The Honi Race: Profiling Cream for Honi
Cream have outright failed the newly implemented Honi Quiz
Editors Pranay Jha and Liam Thorne are not involved in the 2019 coverage of the Honi Soit, NUS and SRC elections.
Quiz Score 39%
We’ll get this out of the way first – as we’ve reported, no members of Cream have written for Honi Soit. The bulk of their campus-based writing experience arises out of two members being regular reporters for Pulp, alongside some involvement in Dissent and the nascent USyd Women publication and adjacent media Enid. Much of their reporting experience lies is in non-editorial roles and we can’t help but notice that they’ve misspelt ‘pursuasions’ in their policy statement. Correct spelling isn’t all that necessary when editing a newspaper, so let’s not dwell on that.
There is benefit in some of Cream’s policies.
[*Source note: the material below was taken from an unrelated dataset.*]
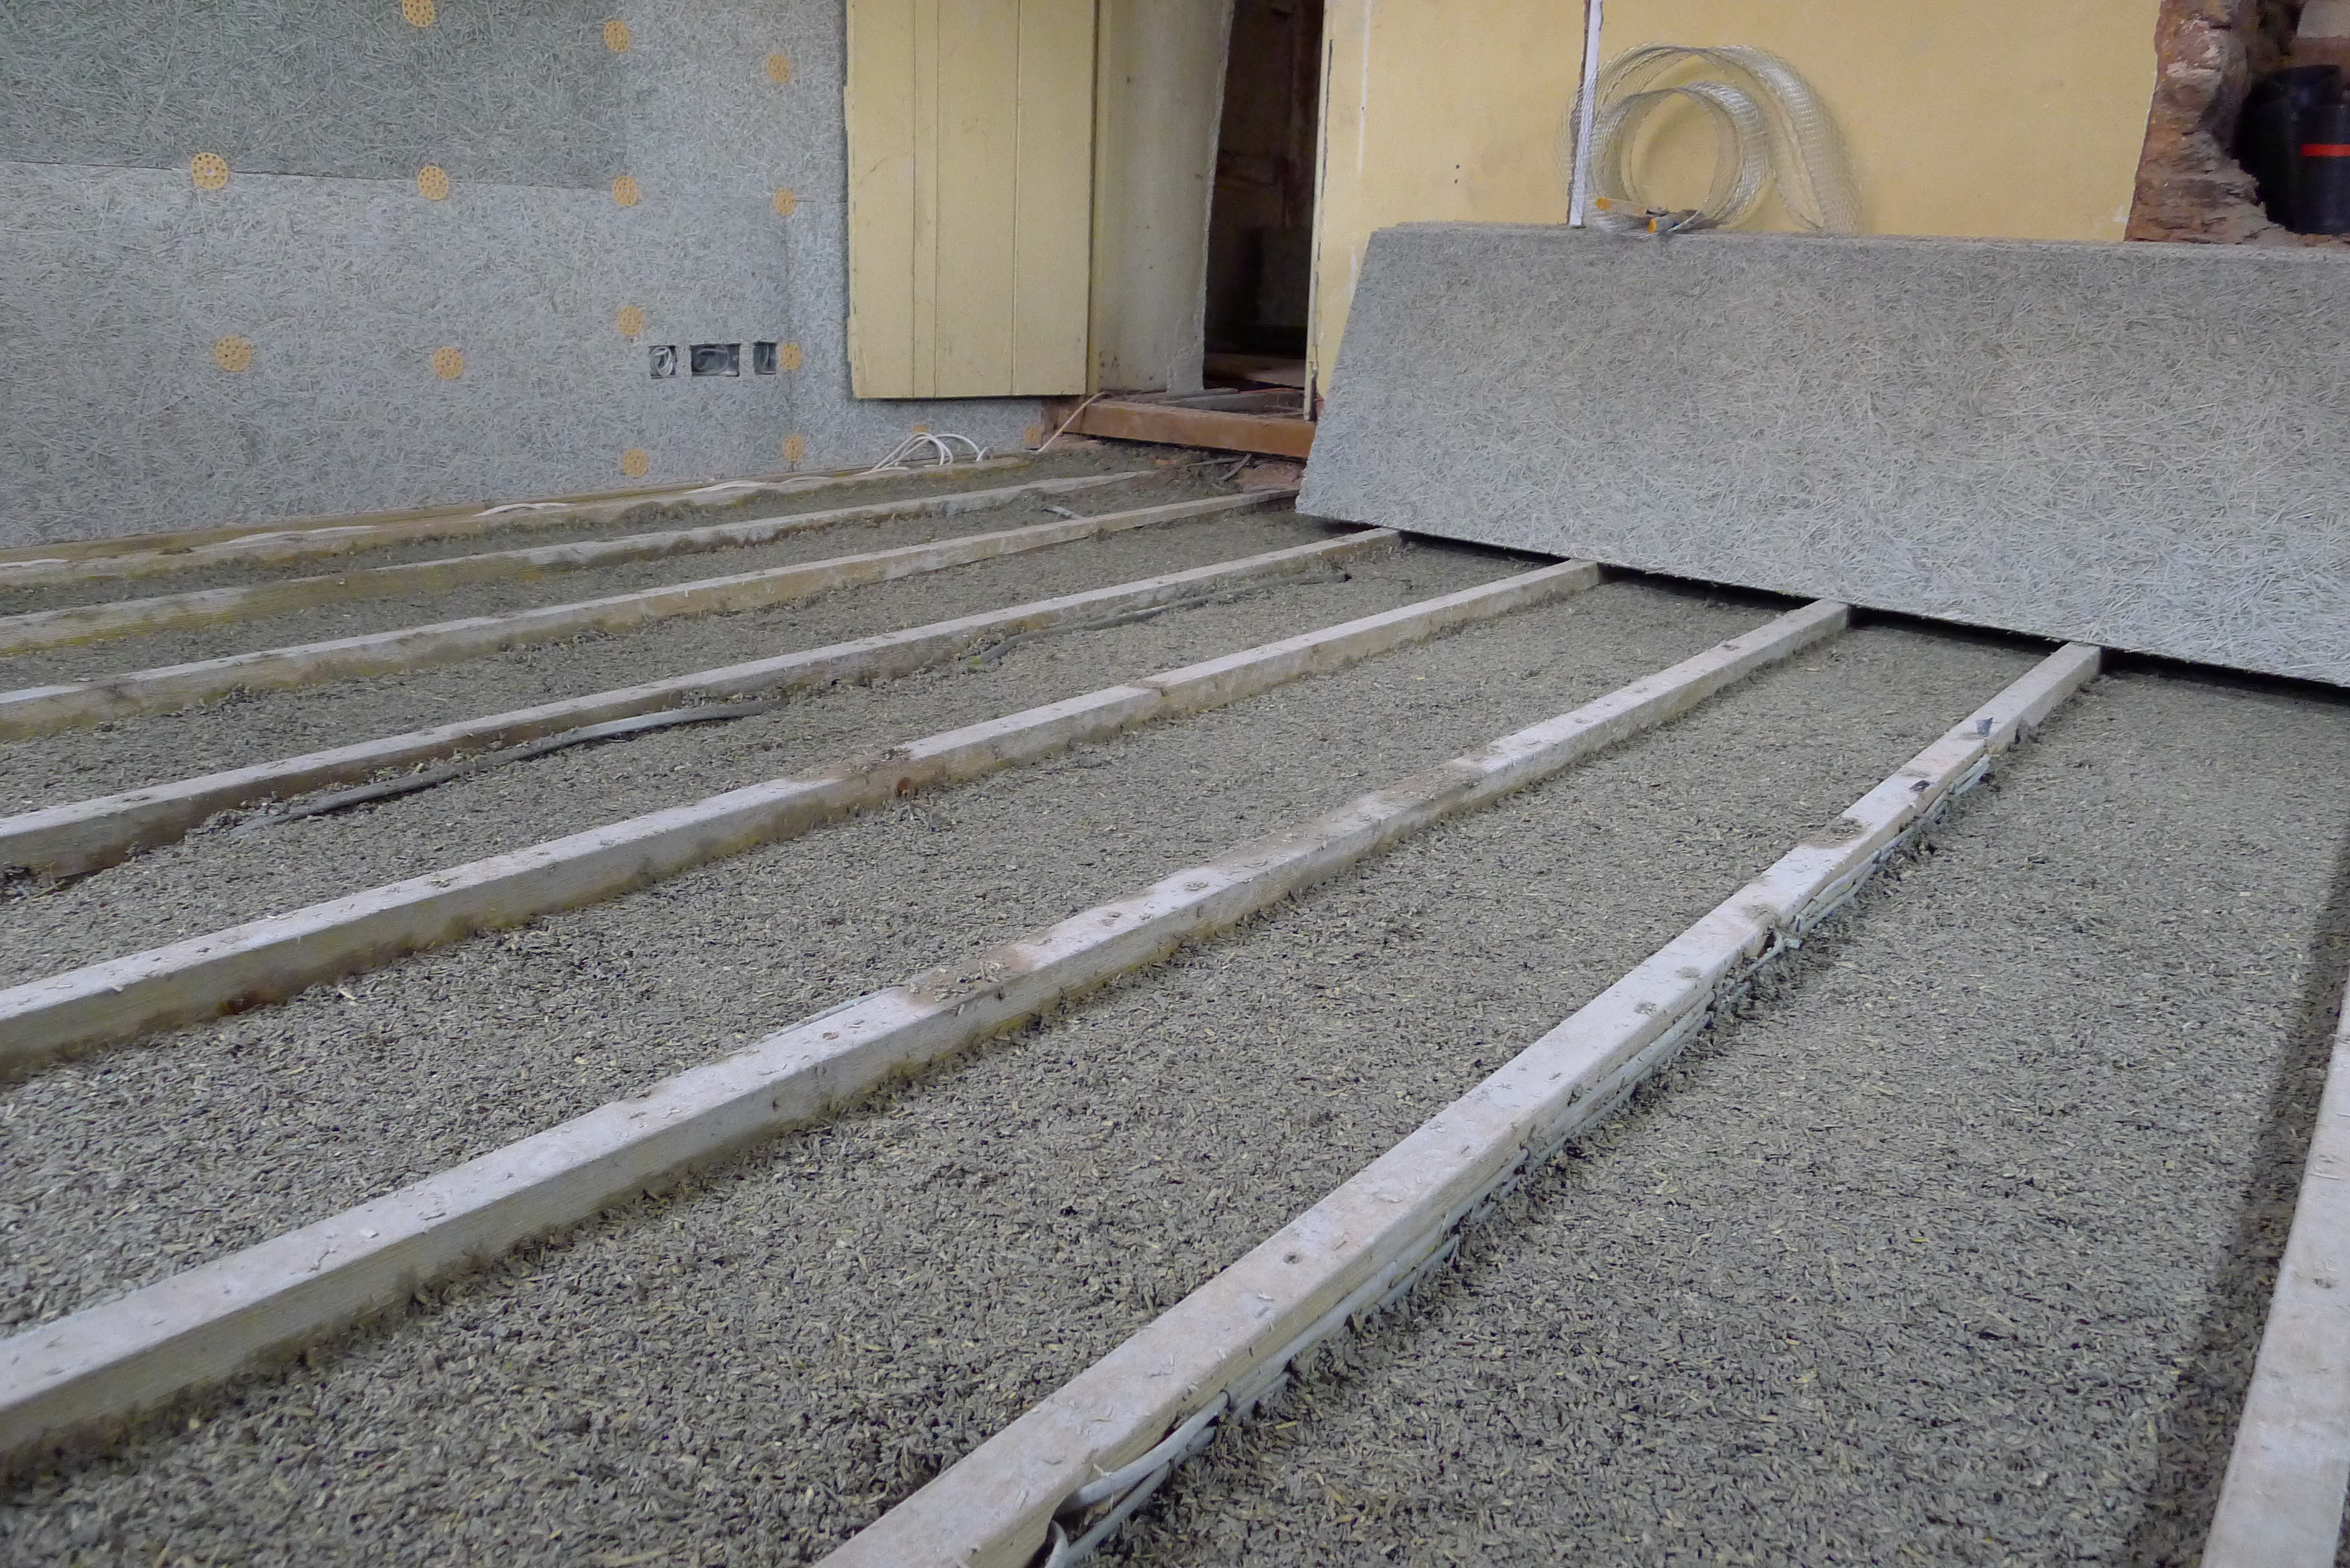 hempcrete cast between floor joists with service void before installation of floor finish
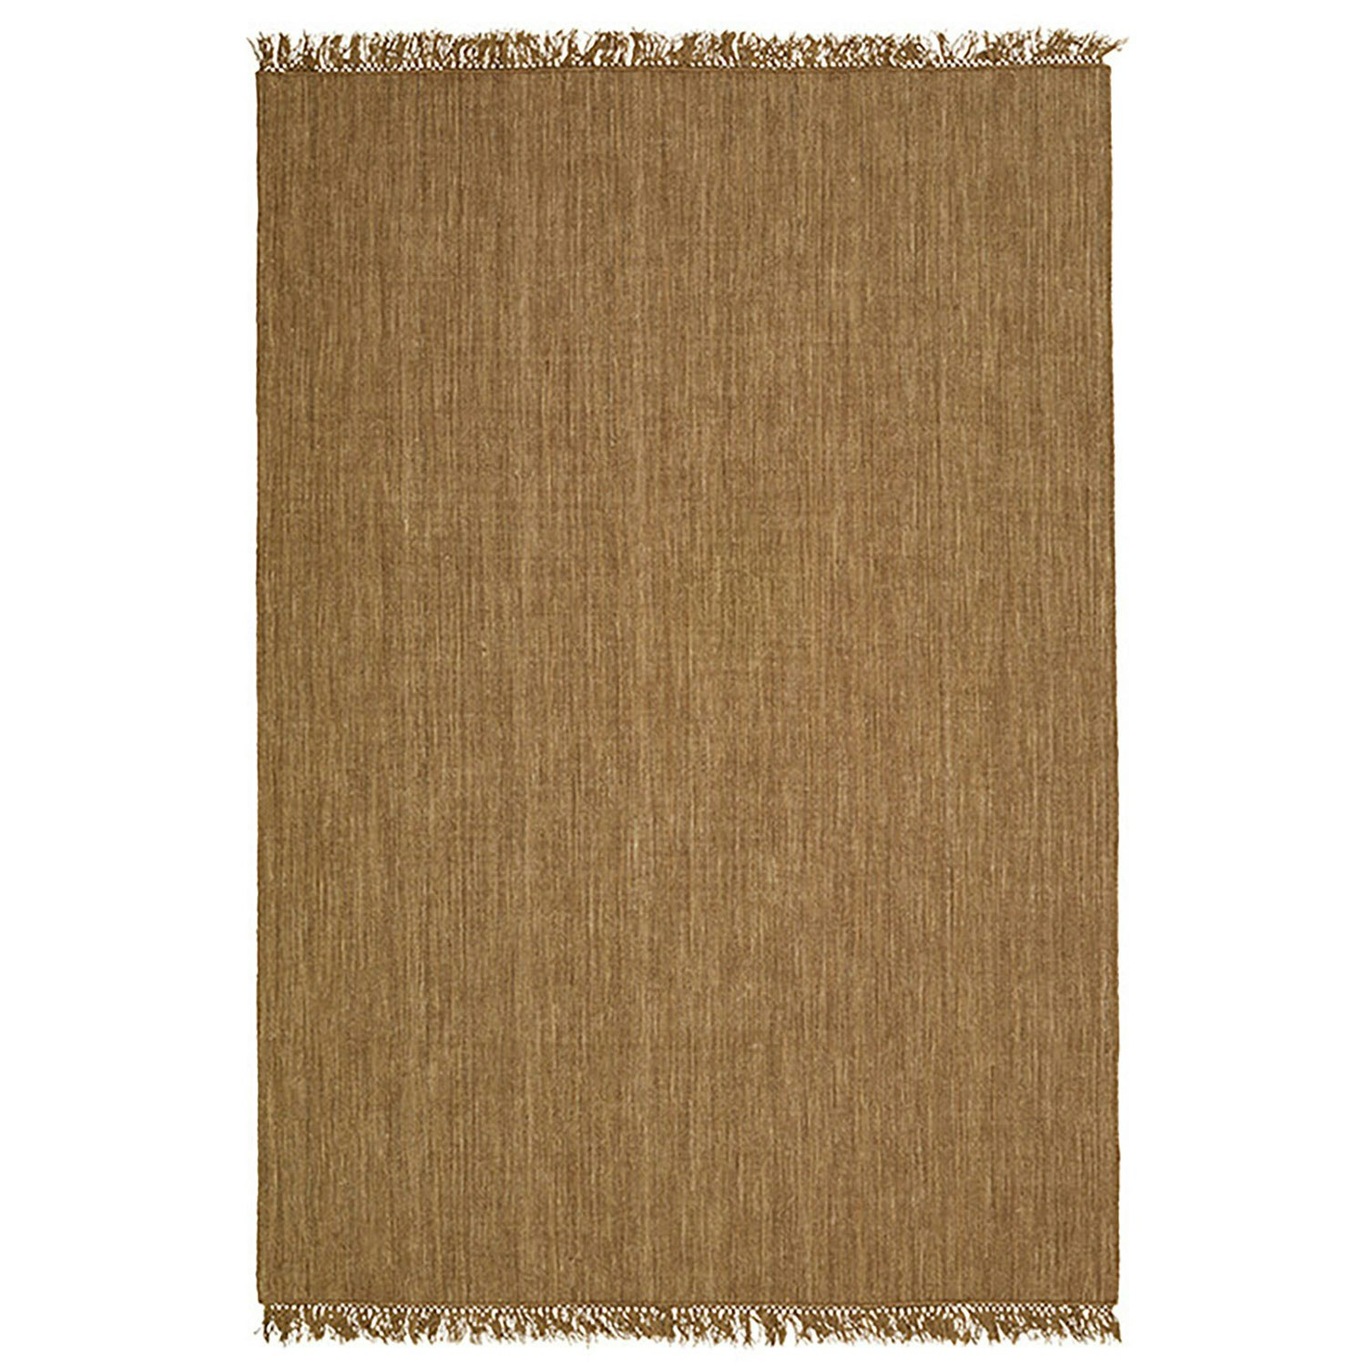 Nanda Dhurry Wool Rug 170x240 cm, Beige

They’ve implied that they will uphold the recently introduced multilingual section in promising “increased content by international students for international students.” We are sure that there are some people on campus who enjoy university related sports events, coverage of which Cream have also promised. Discussion is generally a good thing, and in line with this idea, Cream would like to see more debate and panel events.
While Cream’s promise of including USU club and societies reports is a peculiar addition into a paper published by the SRC, it may, at least, indicate a general interest in increasing engagement with the student body in clubs and societies, even if that means acceding limited paper space to external organisations, creating conflicts of interest and compromising the paper’s ability to cover major C&S fuck-ups.
The group’s limited proximity to Honi Soit makes itself apparent in the rest of their policy platform, which can be sliced into three neat categories: 1. Uncompromisingly vague; 2. Things that already exist; and 3. Literally recycled content from anonymous USyd-centric internet forums.
Institutional knowledge isn’t the only attribute required of an Honi ticket. But a degree of know-how certainly helps prospective editors understand the practical possibilities and realistic limitations facing Honi. On this front, Cream want to write about, inter alia, “things that impact [students]” and “uni life.” So broad are these two descriptors that we have no doubt that Cream, or anyone else who ever edits a student newspaper for that matter, will easily fulfil this election promise.
They have pledged to “improve student writing with submission feedback” – something Honi editors have done as part of the pitch commissioning process since, well, time immemorial. Cream are also interested in having “regular online content”, which has also been a feature of the paper ever since Honi went digital.
The fact that some of these policies are vague to the point of lacking substance, or are things that have been a part of the Honi process for years, suggests that Cream have a grave lack of understanding of how Honi Soit works and has worked for years. As for the utility of re-publishing “top USyd rants/love letters”? We’ll let you make your mind up on that one.
Coming in with a 39 per cent score, Cream have outright failed the newly implemented Honi Quiz.
Cream failed to identify the ‘inverted pyramid’ as a commonplace and widely-used structure for news articles, incidentally taught annually to reporters at Honi training events. In attempting to identify the ex-SRC lawyer who was controversially dismissed back in June, Cream named Michael Koziol, who is in fact a current reporter for the Sydney Morning Herald, and was an editor of Honi in 2012 – worrying, as it is the SRC legal service that often provides guidance as to the legal risks of running particular stories in the paper.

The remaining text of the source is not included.